It's absolutely impossible to understand why the Turkish government would engage in the suicidal strategy of downing a Russian Su-24 over Syrian territory -- technically a NATO declaration of war on Russia -- without putting in context the Turkish power play in northern Syria.
President Vladmir Putin said the downing of the Russian fighter jet was a "stab in the back." So let's see how facts on the ground allowed it to happen.
Ankara uses, finances, and weaponizes a basket case of extremist outfits across northern Syria, and needs by all means to keep supply line corridors from southern Turkey open for them; after all they need to conquer Aleppo, which would open the way for Ankara's Holy Grail: regime change in Damascus.
At the same time Ankara is terrified of the YPG -- the Syrian Kurd People's Protection Units -- a sister organization of the leftist PKK. These must be contained at all costs.
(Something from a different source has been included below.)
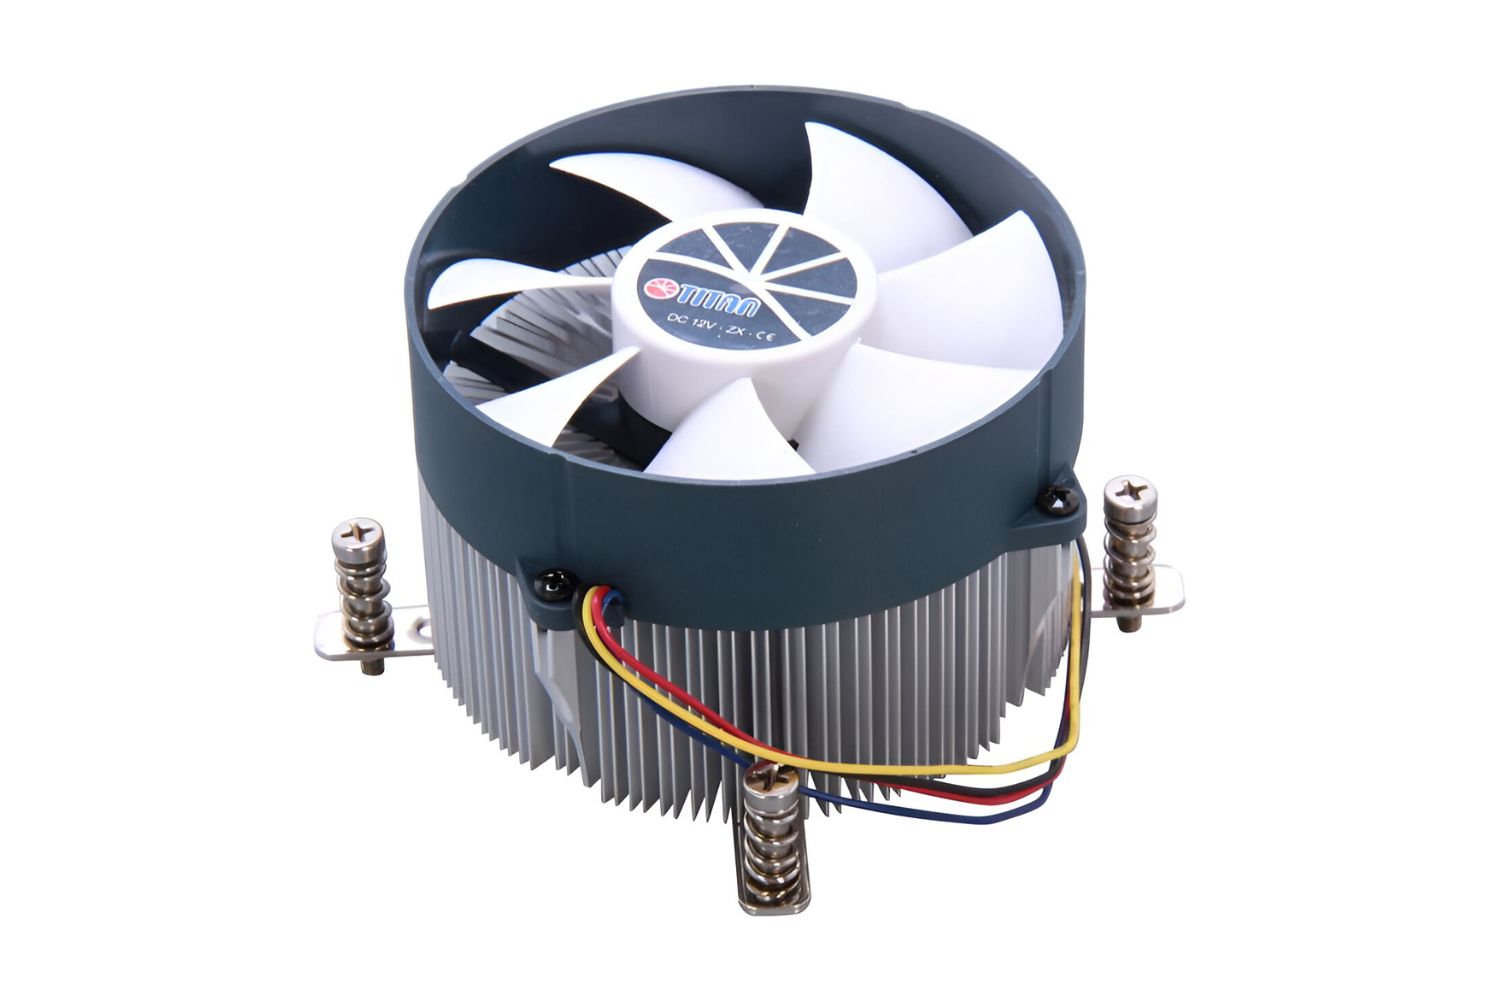 how-big-does-case-need-to-be-to-fit-titan-ttc-na43tz-cu35-95mm-z-axis-cpu-cooler

So the Islamic State group -- against which the United Nations has declared war -- is a mere detail in the overall Ankara strategy, which is essentially to fight, contain or even bomb Kurds; support all manner of Takfiris and Salafi-jihadis, including the Islamic State group; and get regime change in Damascus.
Unsurprisingly, the YPG Syrian Kurds are vastly demonized in Turkey, accused of at least trying to ethnic cleanse Arab and Turkmen villages in northern Syria.
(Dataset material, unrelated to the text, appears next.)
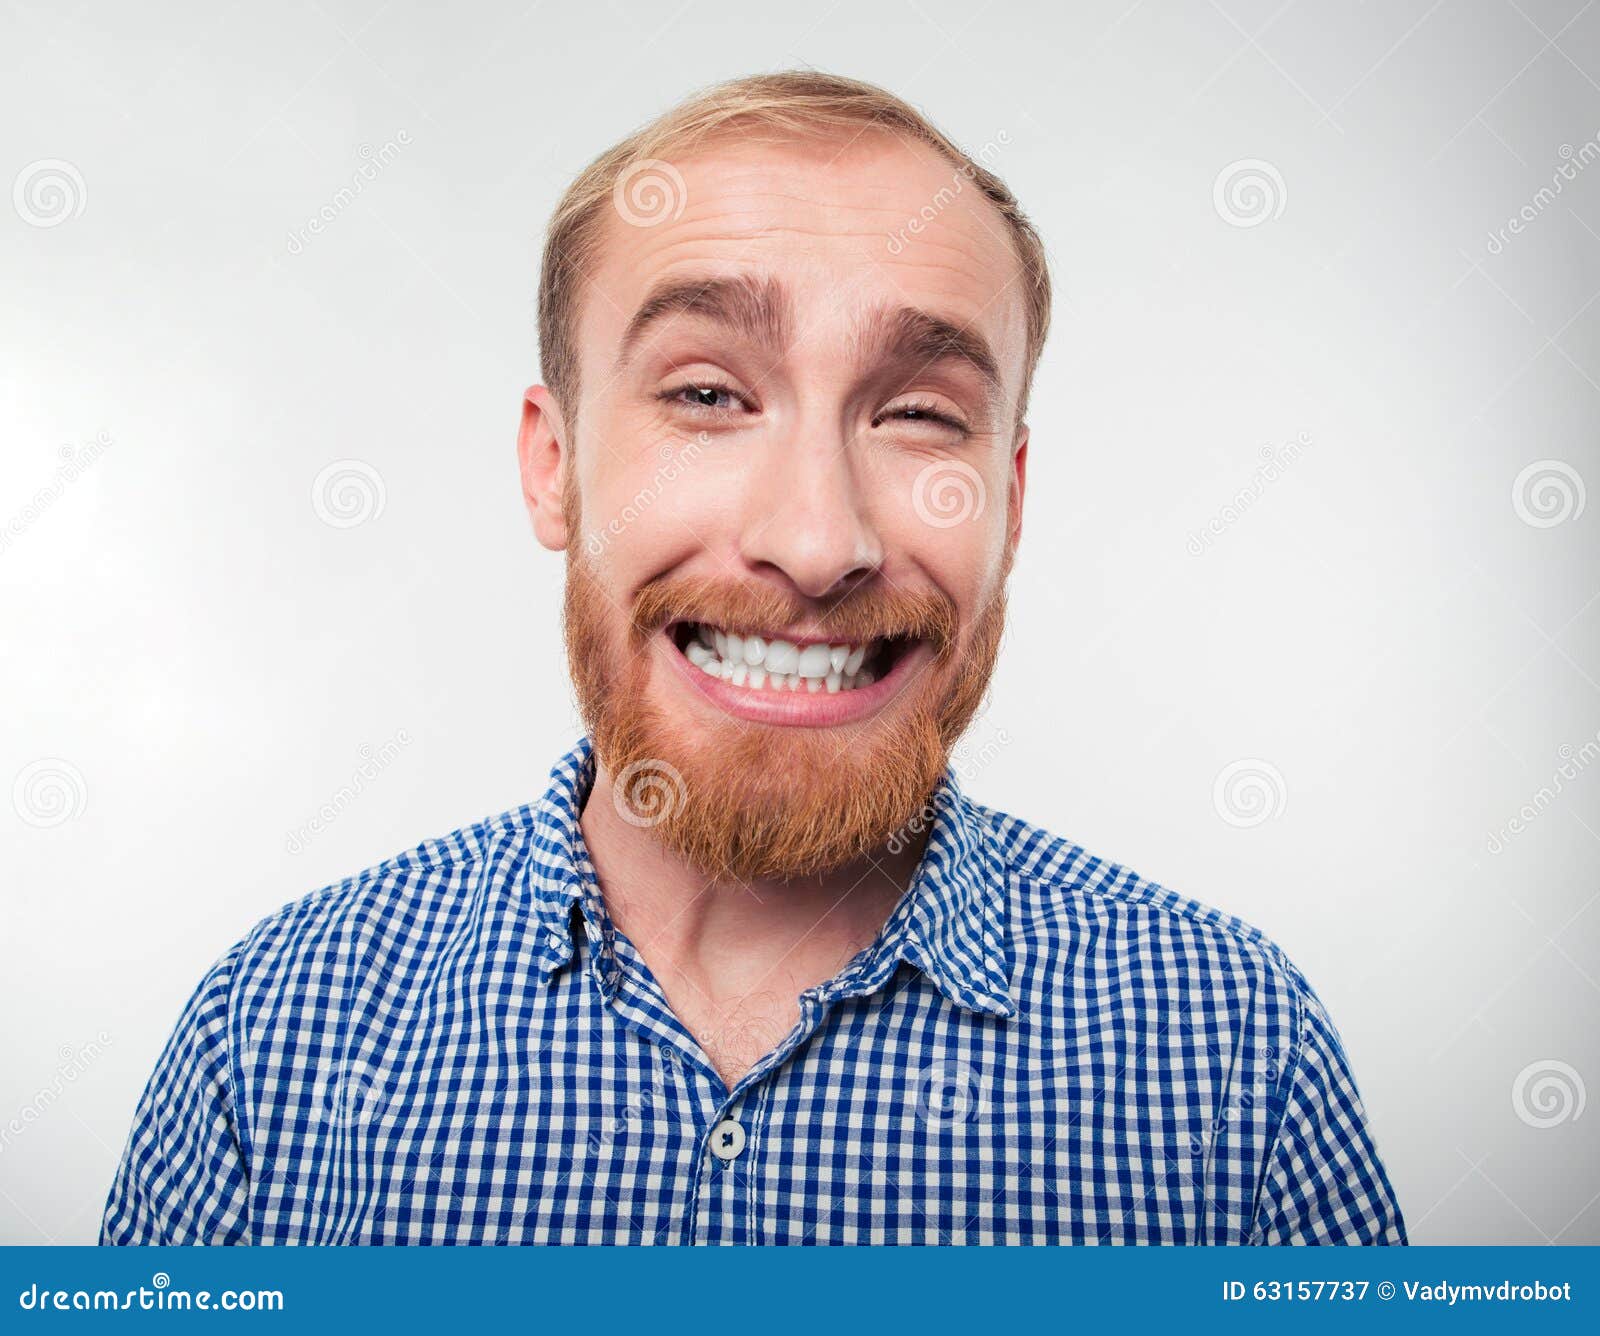 Portrait of a Funny Man Smiling Stock Image - Image of eyes, making:  63157737

Yet, what the Syrian Kurds are attempting -- and to Ankara's alarm, somewhat supported by the U.S. - is to link what are for the moment three patches of Kurdish land in northern Syria.
A look at an imperfect Turkish map at least reveals how two of these patches of land (in yellow) are already linked, to the northeast. To accomplish that, the Syrian Kurds, helped by the PKK, defeated The Islamic State group in Kobani and environs. To get to the third patch of land, they need to get to Afryn. Yet on the way (in blue) there is a collection of Turkmen villages north of Aleppo.
The strategic importance of these Turkmen lands cannot be emphasized enough. It's exactly in this area, reaching as much as 35 km inland, that Ankara wants to install its so-called "safe zone," which will be in fact a no-fly zone, in Syrian territory, ostensibly to house Syrian refugees, and with everything paid by the EU, which has already unblocked 3 billion euros, starting Jan. 1, via the European Commission (EC).
The now insurmountable obstacle for Turkey to get its no-fly zone is, predictably, Russia.
Using the Turkmen
Who are the Turkmen? Here we need to plunge back into ancient Silk Road history. There are roughly 200,000 Turkmen living in northern Syria. They are descendants of Turkmen tribals who moved into Anatolia in the 11th century.
Turkmen villages also sprout north of Idlib province, west of Aleppo, as well as north of Latakia province, west of Idlib. And it's here where we find a rarely discussed bunch: a gaggle of Turkmen militias.